Hong Kong, China, and New Orientalisms

Fourth Annual Postgraduate Student Workshop
14-16 November 2024 (Online)

Edward Said’s field-defining 1978 book, Orientalism, revealed how Western European scholarship on ‘the East’ created a homogenous and exotic world that legitimised Western European empires in the eighteenth and nineteenth centuries. Although Said focused specifically on orientalist scholarship – now called ‘area studies’, of the ‘Middle East’ and ‘South Asia’ – we may productively extend his insights to East Asia, and most notably, China.

Despite China’s status as a global power in the twenty-first century, orientalist discourses have often undermined its position in international relations. At the same time, China has relied on these same orientalist narratives to assert its autonomy and difference from ‘the West’. The persistent binary of ‘East’ and ‘West’, as well as the hierarchies it produces, has been an obstacle to transnational cooperation in the face of the most pressing global challenges: climate change, war, political instability, and the recent COVID-19 pandemic. Since the nineteenth century, Hong Kong has been the place where ‘the East’ and ‘the West’ – or more accurately, where the two sides of orientalist discourse – meet. Hong Kong has wrestled with its many hybrid identities, colonial histories, and questions of political belonging. Extending the insights of Said’s Orientalism while remaining attentive to significant cultural, political and historical differences, we seek to critically evaluate new orientalisms of the twenty-first century and their various effects in China and Hong Kong. 

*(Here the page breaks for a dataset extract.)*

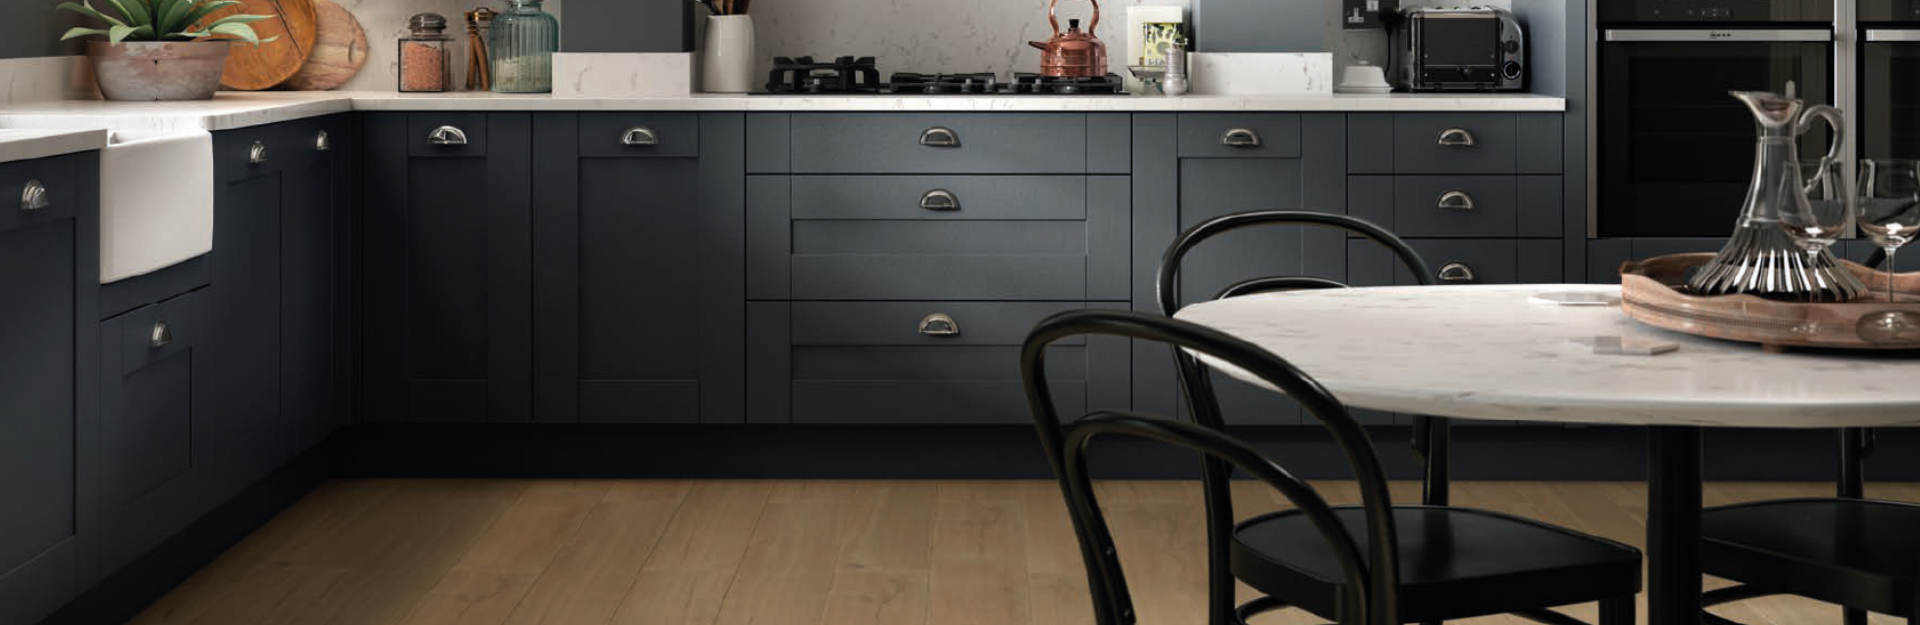 Kitchen Style Buying Guide Benchmarx Kitchens Joinery

The HKU Comparative Literature postgraduate workshop offers PhD and advanced MPhil students the chance to receive detailed feedback on their work in progress from their peers and senior faculty. The workshop is small (12-15 students) and the atmosphere is collegial. The three-day workshop is held over Zoom and we aim for geographical diversity.

The senior faculty respondents for the Fall 2024 workshop are:

Dan Vukovich 胡德 is Chairperson of the University of Hong Kong’s Comparative Literature department, and the Director of HKU’s China, Humanities, and Global Studies Research Hub. He is an inter-disciplinary scholar, trained in cultural studies and theory, and he specializes in colonialism/imperialism/politics in relation to the China-West problem.

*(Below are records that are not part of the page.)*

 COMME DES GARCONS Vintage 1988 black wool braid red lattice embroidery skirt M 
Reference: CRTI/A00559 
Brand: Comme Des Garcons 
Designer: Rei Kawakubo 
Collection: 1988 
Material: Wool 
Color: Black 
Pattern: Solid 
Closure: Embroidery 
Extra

Jini Kim Watson is Associate Professor in Postcolonial and Transpacific Literatures at the University of Melbourne. Her scholarship and teaching lie at the intersection of the following subfields: postcolonial literature and theory; decolonisation and the global Cold War in Asia; city literatures and the urban humanities; transpacific migration; and Marxism and critical theory. 

Marco Wan is Professor of Law and Director of the Programme in Law and Literary Studies at the University of Hong Kong. His research focuses on the intersections between law and the humanities, especially law and literature, law and film, and the ways in which perspectives from the humanities shed light on the legal regulation of gender and sexuality.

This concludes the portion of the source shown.